Грантвилль отпил кофе, потом поставил чашку обратно на блюдце и потер бровь в раздумье. Елизавета была, конечно, права, подумал он. Первые журналисты Мантикоры были проинформированы министерством иностранных дел и Адмиралтейством после того как они и их редакторы согласились соблюдать конфиденциальность по просьбе правительства. Юридически, Грантвилль мог бы воззвать к «Акту об Обороне Королевства» и приказать молчать, пока он не сказал бы им, но за последние шестьдесят стандартных лет на этот особый пункт АОК не ссылался ни один премьер–министр. Этого не должно было быть, потому что пресса Звездного Королевства знала, что официальной политикой на протяжении почти всех этих стандартных лет была максимальная открытость в обмен на разумное самоограничение со стороны «факсов». У него не было намерения разбазаривать эту традицию доброй воли, без проклятой веской причины.

И, до сих пор, представители средств массовой информации здесь, в Звездном Королевстве, кто кое–что об этом знал, явно были согласны, что находятся в границах заключенной сделки. В то же время, первые корреспонденты уже вчера достигли Шпинделя на борту посыльного судна Адмиралтейства. В следующие пару недель, доклады этих корреспондентов будут возвращаться через Узел к редакторам, и было бы также бессмысленно и неправильно ожидать, чтобы их «факсы» не публиковали в данный момент времени. Итак…

— Вы оба правы, — признал он. — Хотя, я хотел бы повременить немного дольше. По двум причинам. Во–первых, они могут фактически прислать нам ответ, который мы просто еще не получили. Но с другой стороны, будем откровенны, что получим больший урон, когда дадим им волю.

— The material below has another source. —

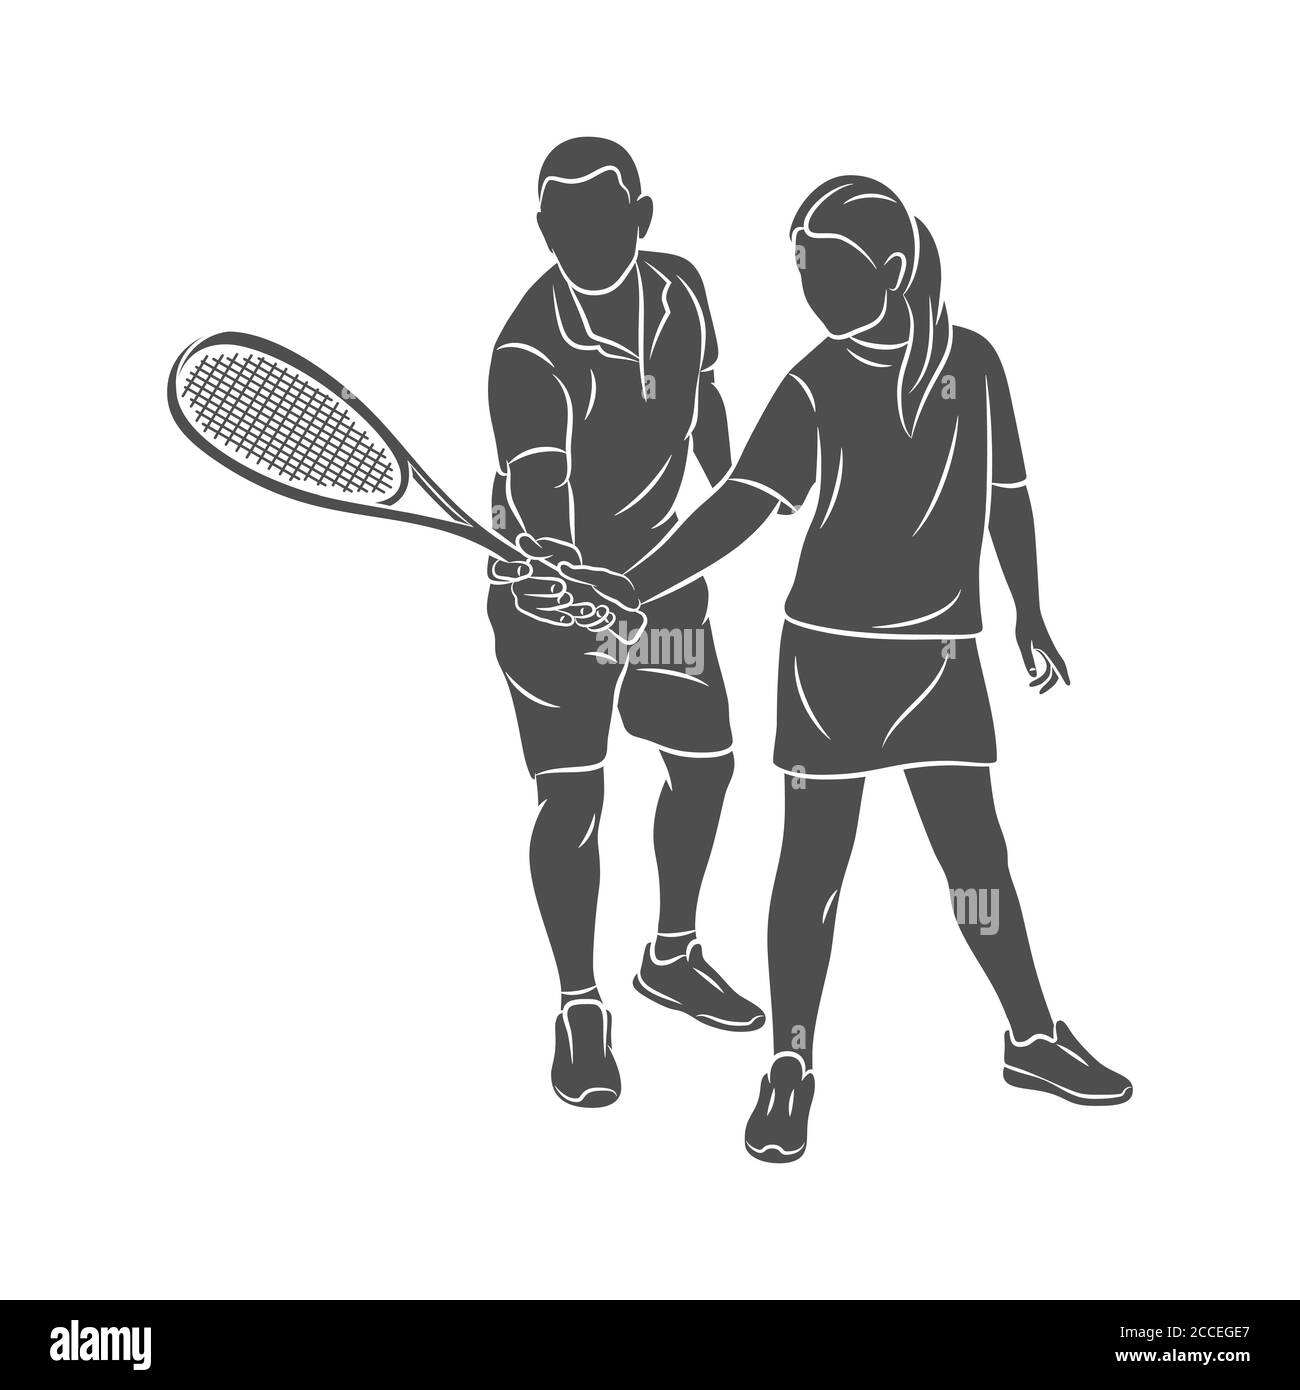 Trainer helps a young woman do an exercise with a racket on her right hand in squash Stock Vector

— Правда? — подняла бровь Елизавета, и Ариэль поднял голову со своего насеста за ее креслом. — Я думаю, что нахожу пользу в это, — призналась королева спустя секунду, — но я не уверена, что вижу, как именно мы сможем это делать.

— Я думаю, что вместо того, чтобы делать им добро, как Святой Павел и «ворошить горящие уголья на их головах», мы найдем больше пользы в использовании очевидной сдержанности, — сказал Грантвилль с неприятной улыбкой. — Я предлагаю удерживаться в течение еще четырех дней. Будет просто случайностью, что мы дали солли ровно в два раза больше времени, если оно действительно необходимо для того, чтобы подтвердить получение нашей ноты, и мы сделаем акцент именно на этом в нашем официальном пресс–релизе. Мы объясним, что задержали подачу новостей общественности, чтобы уведомить ближайших родственников персонала коммодора Чаттерджи и, чтобы быть уверенными, что правительство Солнечной Лиги получило достаточно времени, чтобы ответить на нашу озабоченность. Однако, теперь, когда они получили его вдвое больше, чем необходимо, мы не чувствуем, что имеем право еще хоть немного не предоставлять новости общественности.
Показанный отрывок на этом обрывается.